In particular, I feel that Poetry doesn't handle extension modules particularly well. There is SPIN which much of the scientific Python ecosystem seems to be standardising on, however this would require a complete rewrite of CyNetDiff's infrastructure.
A simple description is that this package is a faster version of ndlib.
If you're going to make claims that it's faster, it would be great to show it. I think this should be required if you make performance claims.
While this is noble, I think a unified approach to building will be hard
Fair! i was thinking of it as a starting point for a more general guide, but let's leave that aside so we don't muddy this review :) Moved that over here: pyOpenSci/python-package-guide#422
I think this should be required if you make performance claims.

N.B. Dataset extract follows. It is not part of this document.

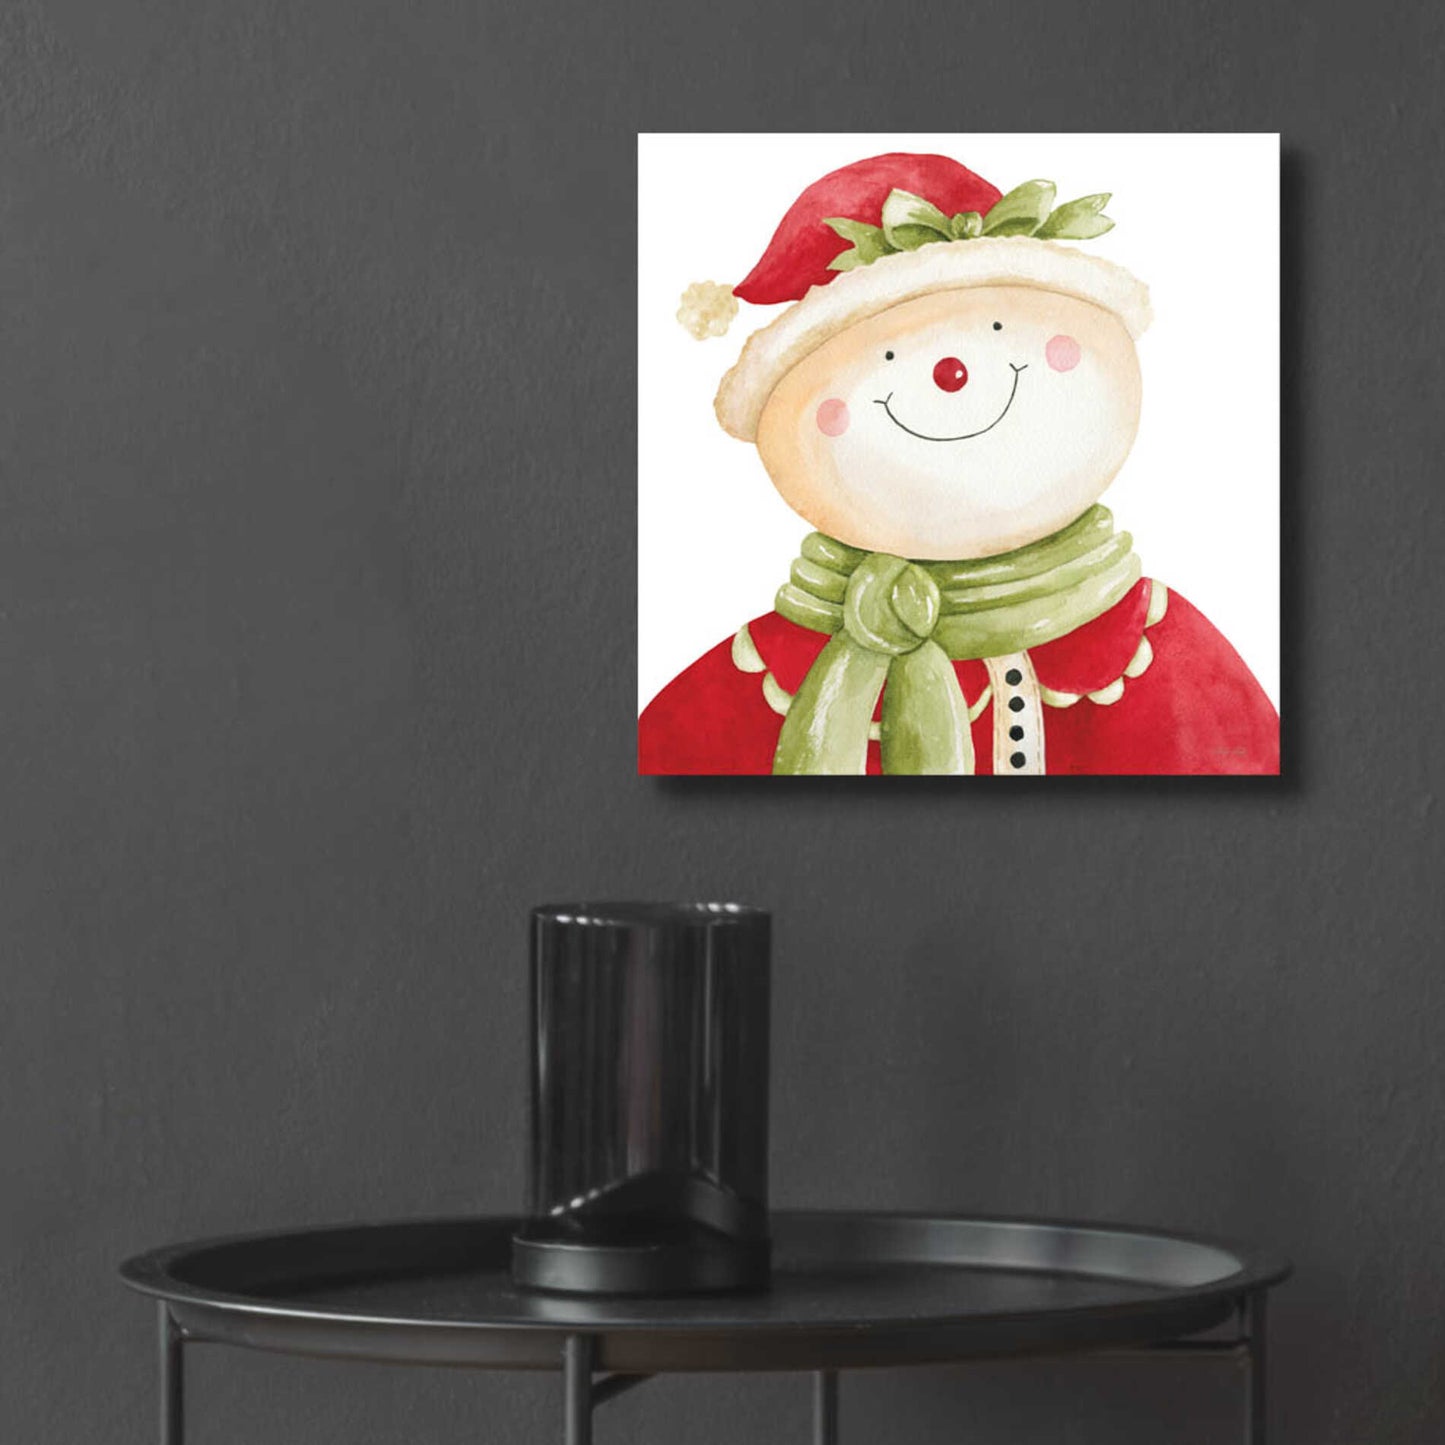 Epic Art 'Holiday Snowman' by Cindy Jacobs, Acrylic Glass Wall Art,12x12

Agreed that we should be able to show a benchmark to claim this. @eliotwrobson to answer your earlier question, yes this would be for the pyos website, where ideally the goal is that we build out the website so that it's possible to see a package and its 'neighbors,' "the family of tools that do things like x," and much like how open reviews on eLife allow readers to know the context of a paper and how people in that field think of it, it would be great (but not required) to provide that same context for software. "why this and not that? etc." If benchmarks are not in reach at the moment, a simple "see also: ndlib" would be fine
For the benchmark, some light benchmarks are included in this example notebook: https://github.com/eliotwrobson/CyNetDiff/blob/main/examples/visualizations.ipynb
I'm not sure if there's a more standard way of doing this? We also include some discussion of these benchmarks in our paper: https://www.vldb.org/pvldb/vol17/p4409-umrawal.pdf
Regarding building, although changing / documenting something to work with Poetry is probably not the most productive given what others have said, I think having some example related to this in the packaging guide would be extremely useful. I had a very hard time even figuring out how to get started writing a package that used Cython, and this would be extremely useful to me on another project I want to get started on before too long.
If you have published benchmarks already, then that's good enough for me for a claim like that - we can just cite them :)

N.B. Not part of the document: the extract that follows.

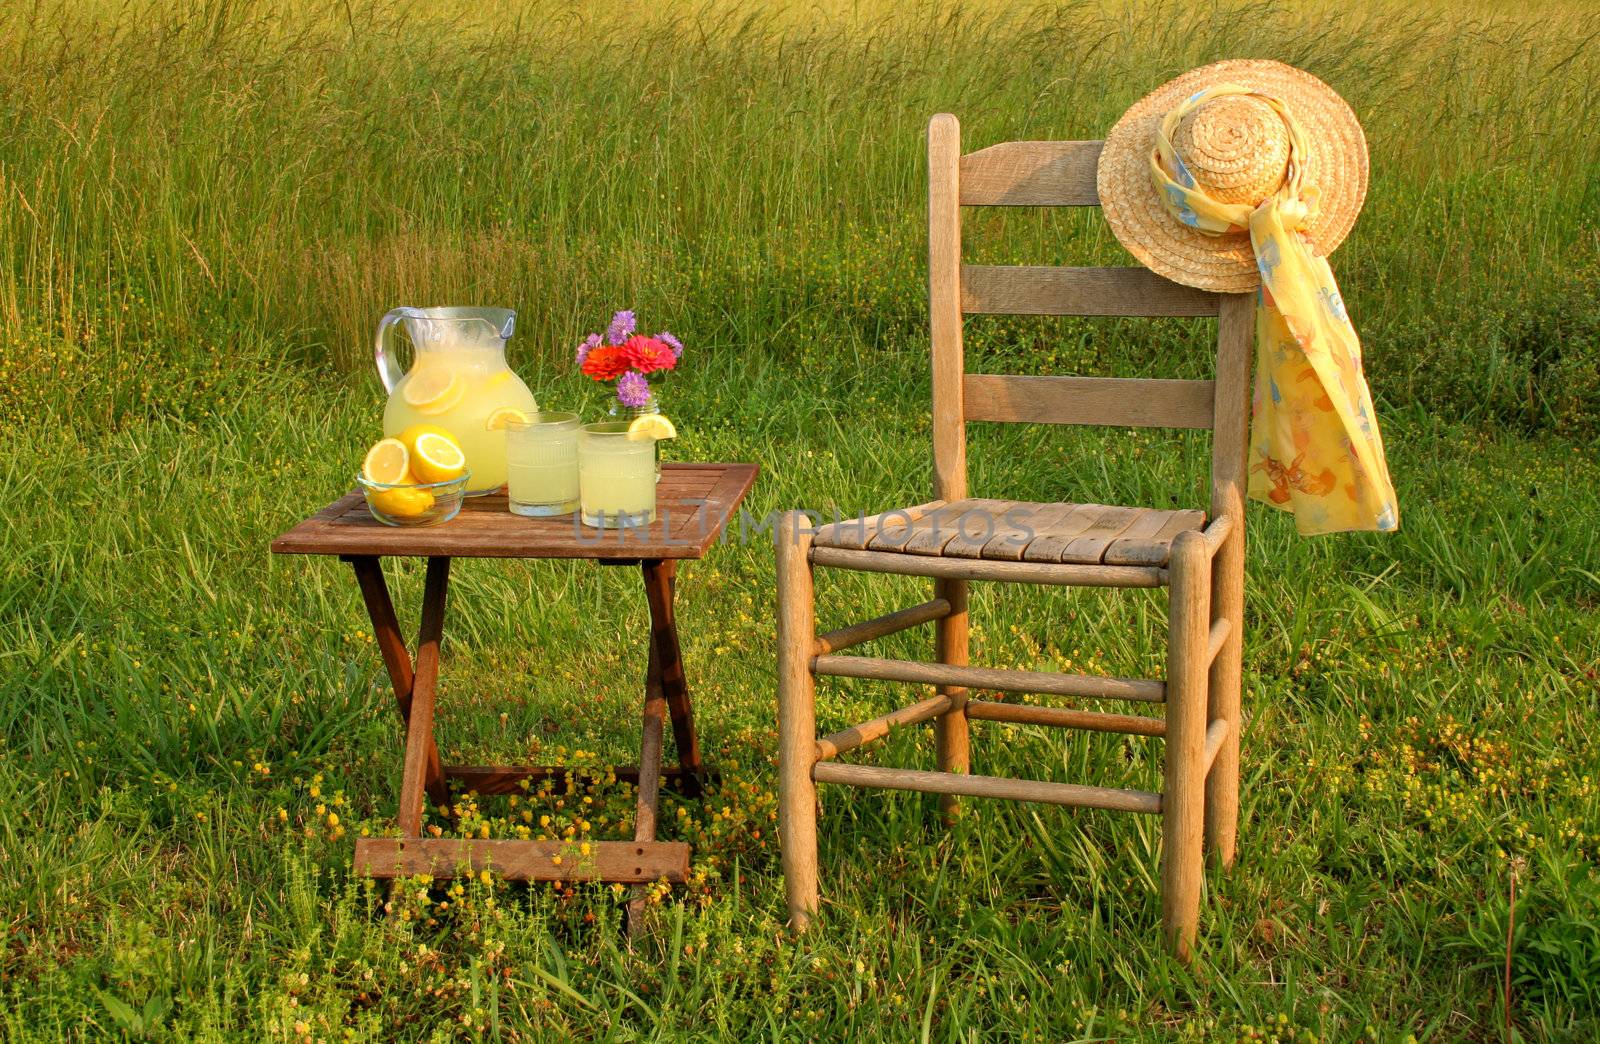 lemonade, fresh flowers and empty chair with a womans hat all outside on a beautiful summers day.

Also am i reading this right, that an identical operation took 14s with ndlib and 0.067s with cynetdiff? that's.... certainly a perf improvement. well done.
Also i forgot to say earlier, i was asking for a context statement for the website but i also generally (i.e. outside of the purposes of the review) think they are good to have in documentation. If you think you've improved on something, I don't think it's disrespectful to compare yourself to it esp on something objective like 'the time it takes to perform an identical operation,' and it's helpful to everyone to have better linking between what's out there. One example i love is how the first two sections of the dask dataframes 'best practices' page are "use pandas" (and then clarifications about when you would want to use dask)
For the benchmark, some light benchmarks are included in this example notebook: https://github.com/eliotwrobson/CyNetDiff/blob/main/examples/visualizations.ipynb
I'm happy with the benchmarks as-is, for the purpose of a formal review, I think there is room for improvement.
I'm not sure if there's a more standard way of doing this? We also include some discussion of these benchmarks in our paper: https://www.vldb.org/pvldb/vol17/p4409-umrawal.pdf
There are tools out there to do this for you. The one that seems to be favoured by NumPy/SciPy (where I do most of my FOSS stuff) is air speed velocity. There are several other tools also available, but I don't know too much about them.
Regarding building, although changing / documenting something to work with Poetry is probably not the most productive given what others have said, I think having some example related to this in the packaging guide would be extremely useful. I had a very hard time even figuring out how to get started writing a package that used Cython, and this would be extremely useful to me on another project I want to get started on before too long.
I've tried building Cython projects with Poetry and actually gave up. I found it very hard/confusing, so just getting your package to build should be considered an achievement. My go to for building Cython projects is now SPIN. This uses Meson which has an inbuilt Cython Module.
I've tried building Cython projects with Poetry and actually gave up. I found it very hard/confusing, so just getting your package to build should be considered an achievement. My go to for building Cython projects is now SPIN. This uses Meson which has an inbuilt Cython Module.
@sneakers-the-rat I think that even this simple recommendation alone would be a useful thing to add to the packaging guide 👍🏽
Regarding the remaining review items, I need to refactor another feature for this package to implement something for a paper I'm working on. I think the other reviewer is going to be able to take a look soon, so I'll wait for his comments before attacking the rest of these items.
Great - if it would be possible to open issues for each of the requested changes linking back to this issue (either of you), then I (or you) can make a list in the OP of completed/outstanding work to do so that the second reviewer can know whats already been raised/is being addressed and they can focus their review elsewhere, or comment on those ongoing issues!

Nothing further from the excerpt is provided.